Communiqué de presse UNSA Gironde


A l’UNSA, nous voulons que ce 1er mai 2016 permette à chacun d’affirmer ses positions, ses propositions et d’œuvrer dans l’intérêt collectif. L’UNSA tient à rappeler les exigences sociales qui sont les siennes et ce 1er mai 2016 est pour cela un moment propice. A l’UNSA, nous voulons conjuguer démocratiquement, et non opposer, le politique, l’économique, le social et l’écologique au bénéfice de l’humain.

A l’UNSA, nous voulons que ce 1er mai 2016 permette à chacun d’affirmer ses positions, ses propositions et d’œuvrer dans l’intérêt collectif. L’UNSA tient à rappeler les exigences sociales qui sont les siennes et ce 1er mai 2016 est pour cela un moment propice.

A l’UNSA, nous voulons conjuguer démocratiquement, et non opposer, le politique, l’économique, le social et l’écologique au bénéfice de l’humain.

Les salariés de ce pays veulent être acteurs du débat démocratique, ils veulent un État où la démocratie respecte les citoyens, tous les citoyens, où la démocratie sociale donne la parole à tous les salariés, à tous les syndicats. A l’UNSA, nous voulons pratiquer un syndicalisme qui renforce le dialogue social.



Nous voulons un syndicalisme de construction, un syndicalisme pragmatique qui produit pour l’avenir des salariés un mode d’organisation du travail qui les protège sans ignorer l’efficacité économique des entreprises dont dépend aussi l’emploi. C’est ce combat que nous menons concernant le projet de loi El Khomri.

Côté patronal, face au rééquilibrage en cours du projet de loi El Khomri, le président du MEDEF a appelé les députés « à abandonner la culture du compromis » et menacé de se retirer des négociations sur l’assurance chômage.
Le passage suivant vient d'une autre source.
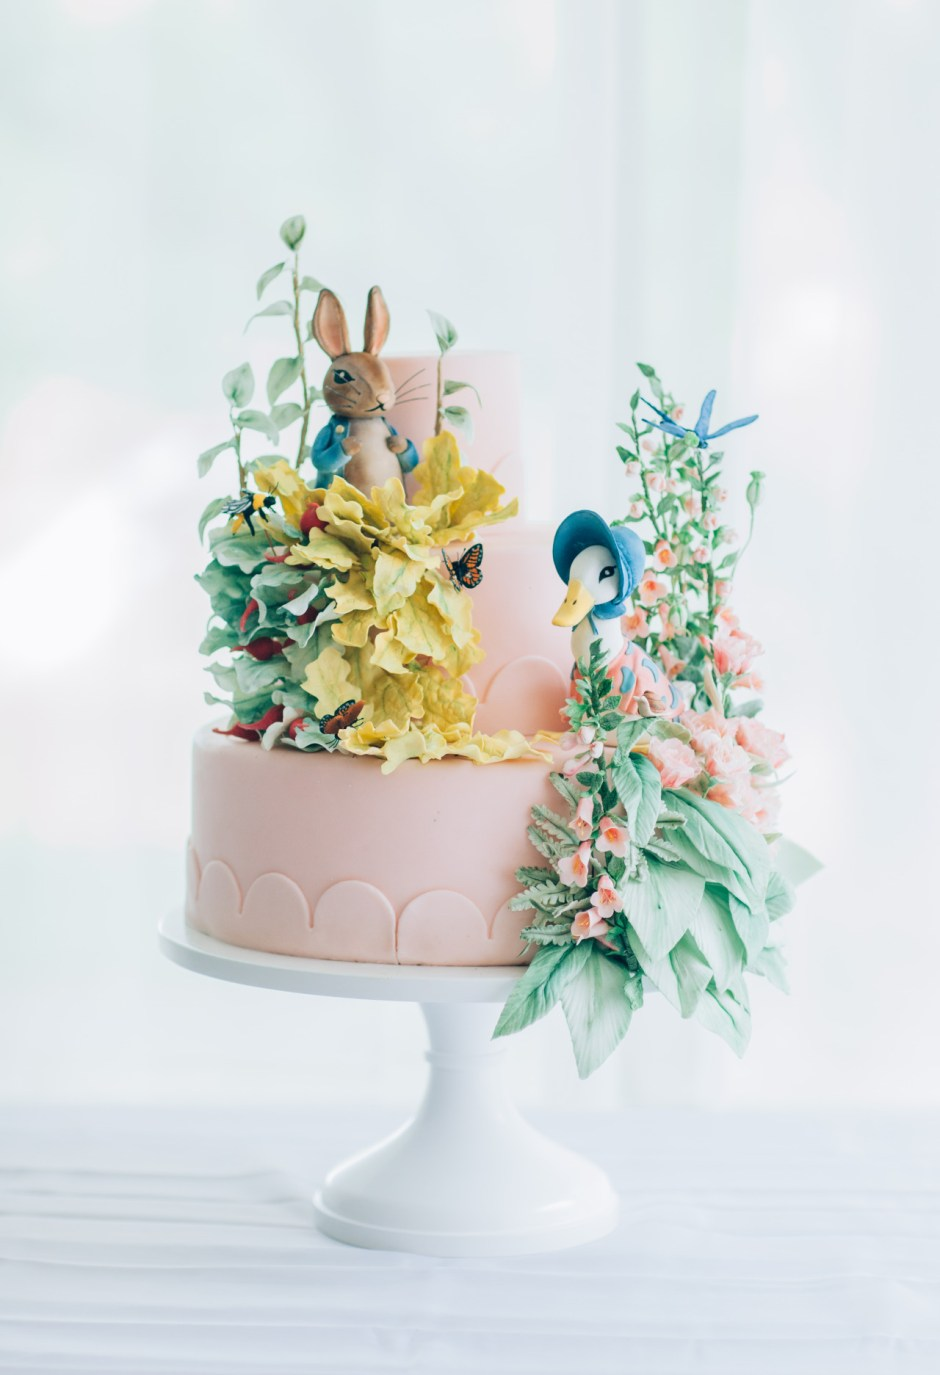 Mischief Maker Cakes I Beatrix Potter Cake I Peter Rabbit Cake I Jemima Puddleduck Cake   I First Birthday Cake I Beatrix Potter First Birthday  #beatrixpotter #beatrixpottercake #beatrixpotterparty

Prendre les chômeurs en otages, badge « 1 million d’emplois » à la boutonnière, est non seulement pitoyable mais, surtout, indigne et révoltant !

L’UNSA le dénonce avec force.

Dans ce débat de conceptions, la vraie question est de savoir, au fond, sur quoi tout cela peut-il déboucher. Dans nos sociétés complexes, à l’heure de la mondialisation, des évolutions ultrarapides des technologies et du numérique, à l’heure du réchauffement climatique, la construction d’un nouveau modèle de développement est de plus en plus prégnante. Le défi lancé à nos générations est de le faire naître sans oublier que sa validité et son acceptation reposeront sur sa capacité à conjuguer démocratiquement, et non à opposer, le politique, l’économique, le social et l’écologique au bénéfice de l’humain. La vérité est que cette construction nouvelle ne pourra reposer que sur des dynamiques résultant de la mobilisation de tous les secteurs de la société. Pour cela, n’en déplaise aux radicaux et aux autoritaires de tout poil, le dialogue, et notamment le dialogue social, est la seule méthode qui vaille. C’est ce qui fonde l’ancrage réformiste de l’UNSA. C’est ce qui fonde aussi sa progression parmi les salariés et agents publics, et les résultats électoraux parfois spectaculaires que ses syndicats ont obtenus ces derniers mois.